The SOLE™ Medial Column Fusion Plate is intended to provide bone fixation. The SOLE™ Medial Column Fusion Plate is indicated for orthopedic applications within the anatomical area of the foot and ankle, including but not limited to the medial column (consisting of the first metatarsal, medial cuneiform, navicular and talus). Specific indicated procedures include: - Arthrodesis; - Joint depression stabilization; - Fracture and/or osteotomy fixation; - Reconstruction; - Revision to be performed for conditions such as Charcot neuroarthropathy.

Device Description

The SOLE™ Medial Column Fusion Plate consists of plate's sizes and shapes ranges, designed to accept locking and non-locking bone screws, which are available in a variety of diameters and lengths, in order to address demands of stabilization, fixation and fusion of small bones and small joints within the anatomical area of the foot and ankle. The implants will be offered both in sterile and non-sterile packaging configurations. Plates and screws are intended for single use only. Screws are not intended for use in the spine. The Subject device implants, bone plates and bone screws, are made from Stainless Steel AISI 316 LVM according to Standard ISO 5832-1/ASTM F138. Surgical procedures with the use of the subject implants may be performed with the support of general orthopedic instrumentation, to facilitate their proper insertion and removal from the patient. The instruments offered by Orthofix are classified as class I devices Exempt from 510(k), under the product code LXH, according to 21CFR 888.4540 Orthopedic Manual surgical instrument. These instruments are made by medical grade stainless steel (AISI 316LVM, AISI 630, AISI 301, AISI 303, X15TN) and Aluminum alloy (EN-AW 6082 T6). SOLE™ Medial Column Fusion Plate is designed to be used in the operating theatre only.

AI/ML Overview

The provided document is a 510(k) premarket notification for a medical device called the SOLE™ Medial Column Fusion Plate. This documentation focuses on establishing substantial equivalence to existing predicate devices through non-clinical performance data and does not involve AI or machine learning. Therefore, many of the requested criteria (e.g., sample size for test/training set, expert qualifications, adjudication methods, MRMC studies, standalone performance, ground truth for AI) are not applicable to this submission.

However, I can extract the acceptance criteria and the study type used to prove the device meets these criteria based on the information provided in the "Performance Analysis" section.

1. A table of acceptance criteria and the reported device performance

Acceptance Criteria (from Referenced Standards)	Reported Device Performance (Summary from Performance Analysis)
Mechanical properties as per ASTM F543-17 "Standard Specification and Test Methods for Metallic Medical Bone Screws"	Confirmed to be safe, effective, and performs as well as or better than predicate devices.
Mechanical properties as per ASTM F382 standard "Standard Specification And Test Method For Metallic Bone Plates"	Confirmed to be safe, effective, and performs as well as or better than predicate devices.
Material properties as per ISO 5832-1/ASTM F138 (for implants)	Implants made from Stainless Steel AISI 316 LVM, conforming to these standards.
Material properties as per ASTM F899-12b "Standard Specification for Wrought Stainless Steels for Surgical Instruments" (for instruments)	Instruments made by medical grade stainless steel (AISI 316LVM, AISI 630, AISI 301, AISI 303, X15TN) and Aluminum alloy (EN-AW 6082 T6), conforming to this standard.
No new risks associated compared to predicate devices	Potential hazards evaluated and controlled through Risk Management activities; relevant information addressed in labeling.
Performance substantially equivalent to predicate devices	Bench testing and engineering assessments on worst cases of subject device and corresponding predicate devices confirm substantial equivalence.

2. Sample size used for the test set and the data provenance (e.g. country of origin of the data, retrospective or prospective)
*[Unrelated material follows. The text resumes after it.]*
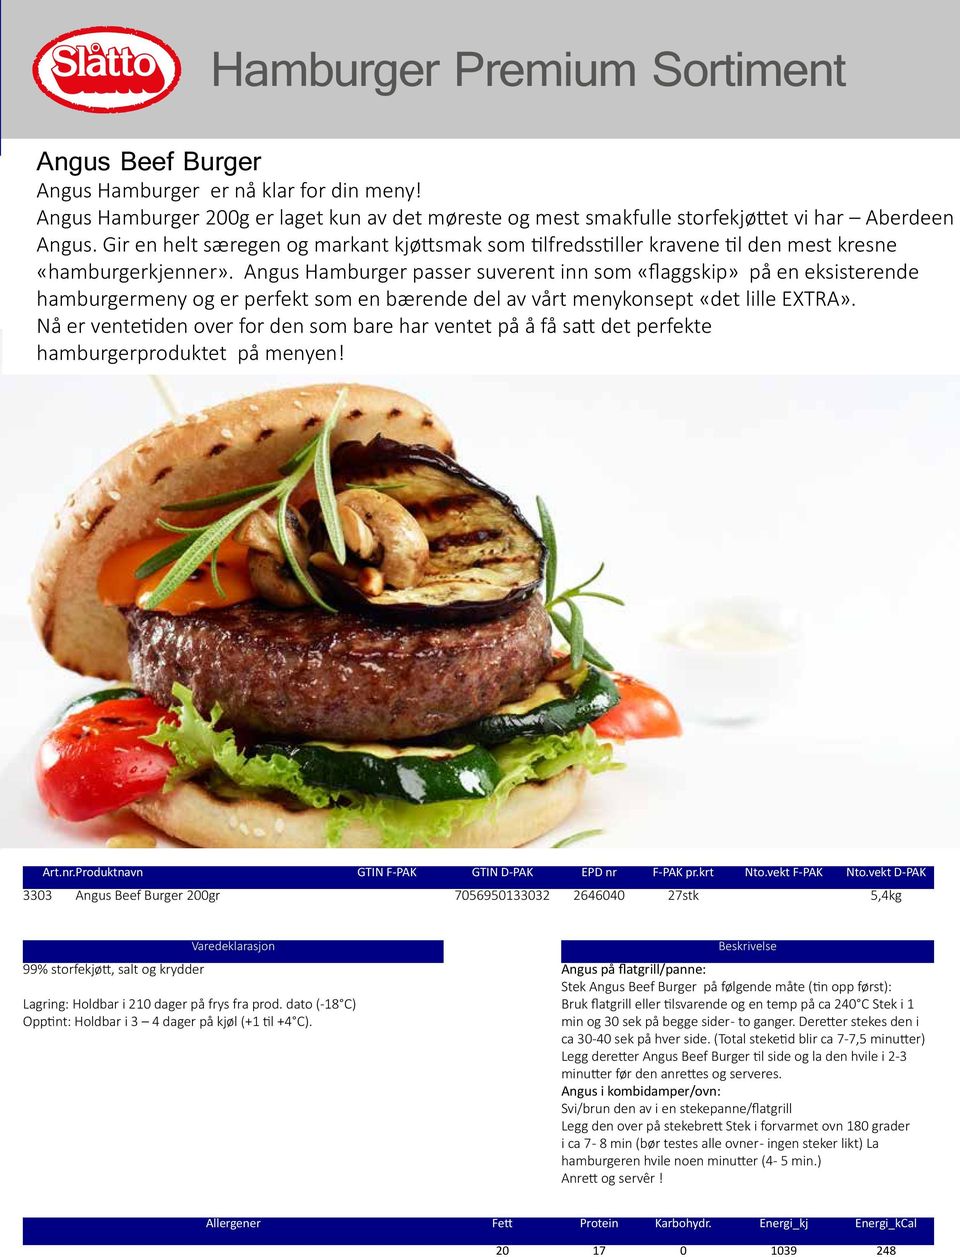 Angus Hamburger passer suverent inn som «flaggskip» på en eksisterende hamburgermeny og er perfekt som en bærende del av vårt menykonsept «det lille EXTRA».

The document primarily relies on bench testing and engineering assessments and a review of current clinical literature on predicates and similar devices. It does not describe a clinical study with human subjects, therefore, traditional "test set" and "data provenance" in the context of clinical data are not applicable. The bench testing would involve physical samples of the device; the number of samples is not specified.

3. Number of experts used to establish the ground truth for the test set and the qualifications of those experts (e.g. radiologist with 10 years of experience)

Not applicable. This is a device submission based on non-clinical performance data and substantial equivalence to predicates, not a study requiring expert-established ground truth for diagnostic accuracy.

4. Adjudication method (e.g. 2+1, 3+1, none) for the test set

Not applicable. No clinical test set requiring adjudication is described.

5. If a multi reader multi case (MRMC) comparative effectiveness study was done, If so, what was the effect size of how much human readers improve with AI vs without AI assistance

Not applicable. This device is not an AI-assisted diagnostic tool.

6. If a standalone (i.e. algorithm only without human-in-the-loop performance) was done

Not applicable. This is not an algorithm or AI device.

7. The type of ground truth used (expert consensus, pathology, outcomes data, etc.)

For the mechanical performance testing, the "ground truth" or reference for acceptable performance are the specified requirements of the referenced ASTM and ISO standards. For the substantial equivalence argument, the performance of the predicate devices serves as a comparative ground truth.

8. The sample size for the training set

Not applicable. This is not an AI/machine learning device.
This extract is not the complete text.